Кашлял в те дни и недели Гошка с особенно страшным надрывом, а надорваться не мог, и уже изболелся в ожидании этого.
В эту пору ещё чернее становилась его изба. Отпотевали смертно окошки с ангелическим очельем. И никто не навещал Гошку, да и сам он почти не показывал носа за ворота, больше сидел дома или скитался по двору.
Выждав в тупой маете начало месяца, когда на почте выдадут пенсию, полуживой, дошедший до последней крайности, направлялся Гошка в городской стационар. Ключ от избы оставлял соседям – на всякий случай.
– Поехал? – спрашивали с видимым участьем, но ключ принимали за сыромятный сальный ремешок, чтобы не коснуться Гошкиной руки. – Мг… С избой-то как потом? Продать, а деньги, значит, перевести на Игната? Ну, если что, Георгич…
И напоследок долго куковала кукушка в сыром мрачном ельнике, замолкая, едва Гошка с опозданием открывал счёт.
Тяжко умирать весной. А осенью и вовсе грустно ложиться в землю, накрытую палым листом и так чисто и тонко, как детская ладошка, пахнущую дождём и сухой кладбищенской земляникой…
Не очень-то верил Гошка в силу врачей, в пользу казённых кашек-супов и таблеток, которые принимал послушно, по-птичьи раскрыв рот и сглатывая все разом. Но на что ему ещё было опереться?
Была, нет ли поправка его расшатанному нутру, а только спустя какое-то время Гошка возвращался.
Шагал в новых кожаных ботинках. В новой, тоже кожаной, куртке на пуговицах (молний Гошка не любил: ненадёжная «собачка» могла зарочить и сломаться). И только кепка была старой, неразменной, по обыкновению, оползала на оттопыренные уши.
Поглядывали прохожие, которые не чаяли снова увидеть Гошку, и, кивнув, скорее проходили мимо. Некоторые, правда, задерживались для разговора, надеясь первыми узнать, жилец или не жилец.
– Подремонтировали?
– А-а-а… – словно с неохотой разлеплялся Гошкин рот. Глаза, укатившиеся в лицо, смотрели остыло, как осенние лужи.
– Правильно делаешь, Георгич, что следишь за своим здоровьем! Я вот тоже… зубы вставлять ездил. Корову продал на мясо, чтобы зубы вставить! Теперь зубов полон рот, а есть нечего… Во как!
Смеялся человек. Ему легко жилось. Мерцало золото во рту.
– Только не пей – это всё, хана тебе сразу. Да с курятиной – завя-я-зывай!
– Дак я теперь с фильтром курю, папиросы бросил…
И снова шёл Гошка, подняв с земли больничную сумку и часто моргая, как будто собирался заплакать.
– Как только выпускают таких? Содержали бы в спецальной камере… – слышал за спиной, мечтая скорее оказаться в родных стенах, упасть на шконку, а ещё лучше – расчать заначку да сбегать за водкой.
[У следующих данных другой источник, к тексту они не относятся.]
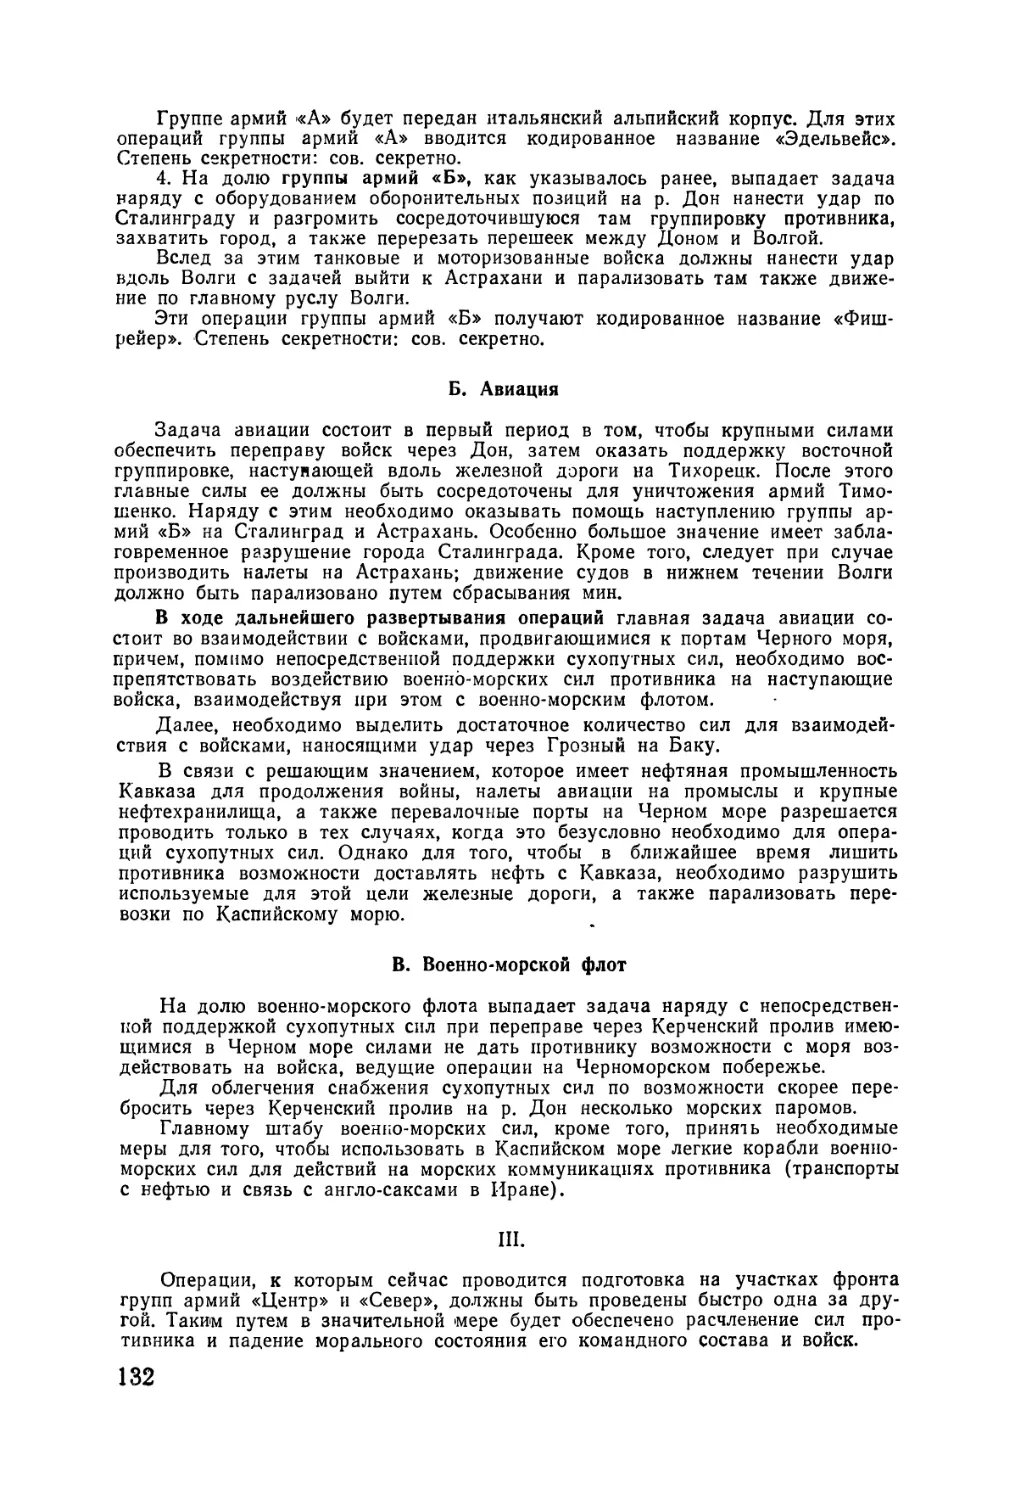 Приложение 3. Приказ армии о наступлении на Сталинград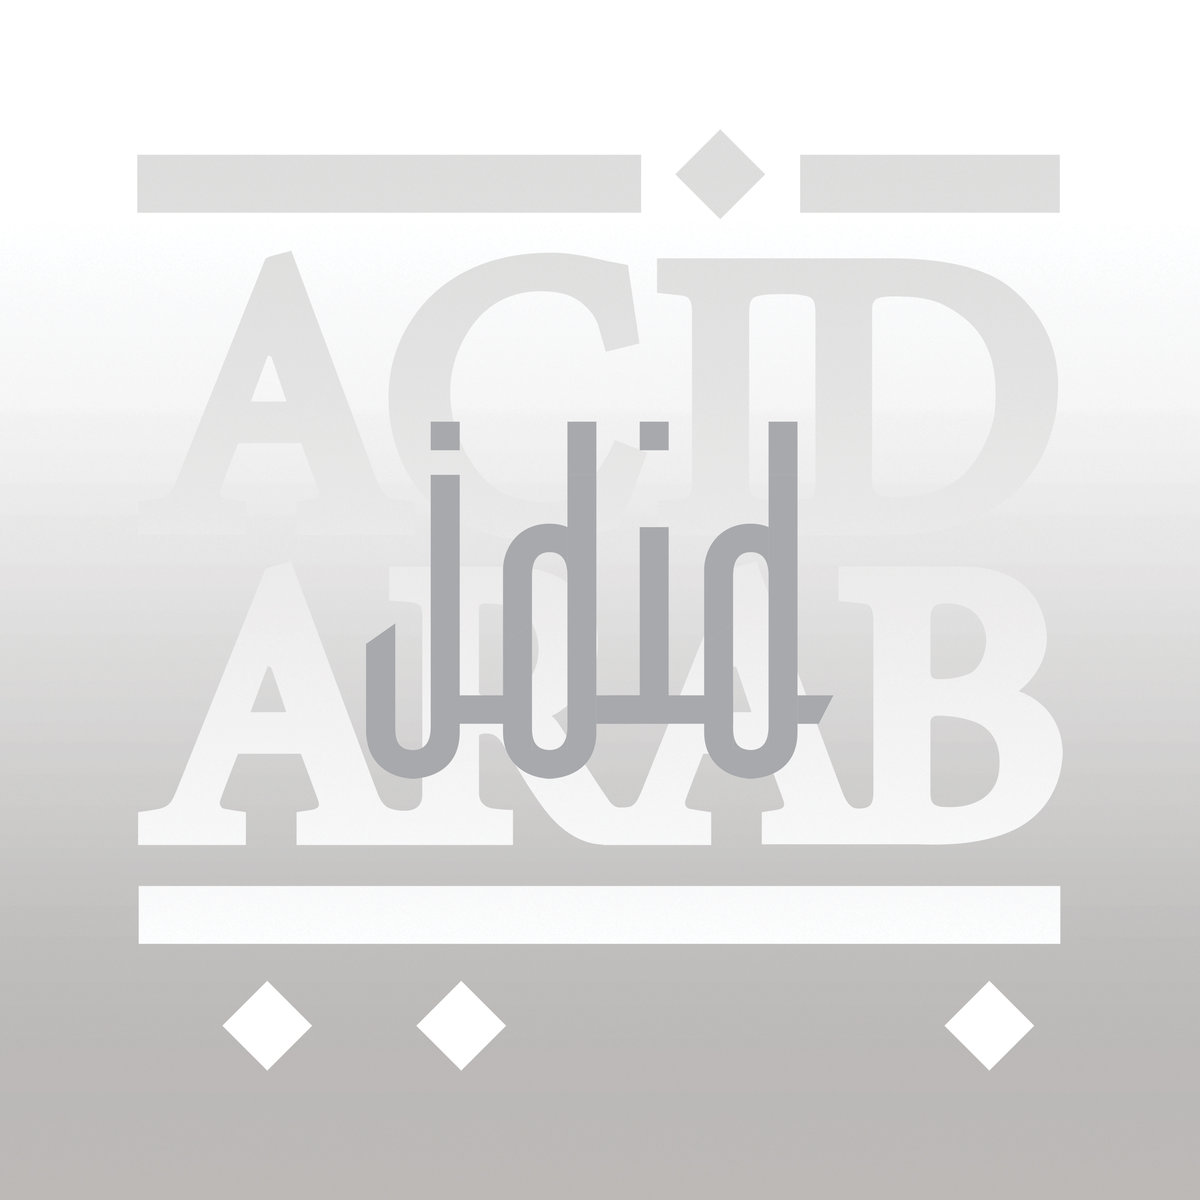 Acid Arab, Cem Yildiz - Ejma

О ней, опаляющей рот, он давно скучал и душевно томился.
Но ходить шустро, а тем более бегать Гошка не мог.
Долгой была его дорога. Часто делал остановки, присаживаясь то на почтовское крылечко, а то на уроненную огорожу чьей-нибудь изуродованной избы. Это такое кощунство обзавелось в их краях: из покинутых изб мастерили гаражи для большегрузных машин, на которых мужики по зимнику возили лес и горючку. В избах выпиливали стены под двустворчатые двери, забирали брусом окна, выбрасывали половицы и русские печи, протягивали от электрических столбов провода, годные для подключения сварных аппаратов. Над крышами взамен кирпичных возносились буровые трубы, чадя чёрными дымами от горевшей резины…
«Не село, а гаражный кооператив! Хорошего пожарника нету…» – размышлял Гошка безвольно, как думают все обречённые, которым и самим – край.
Так он сидел, виновато за свою жизнь поглядывая на белый свет и людей. Шуршал целлофановой обёрткой, пользуя купленные в городе сигареты, от которых пахло мягко и нездешне. Гошка не прятал своё дорогое курево. Всё равно никто не позарится, как при встрече не подадут руки.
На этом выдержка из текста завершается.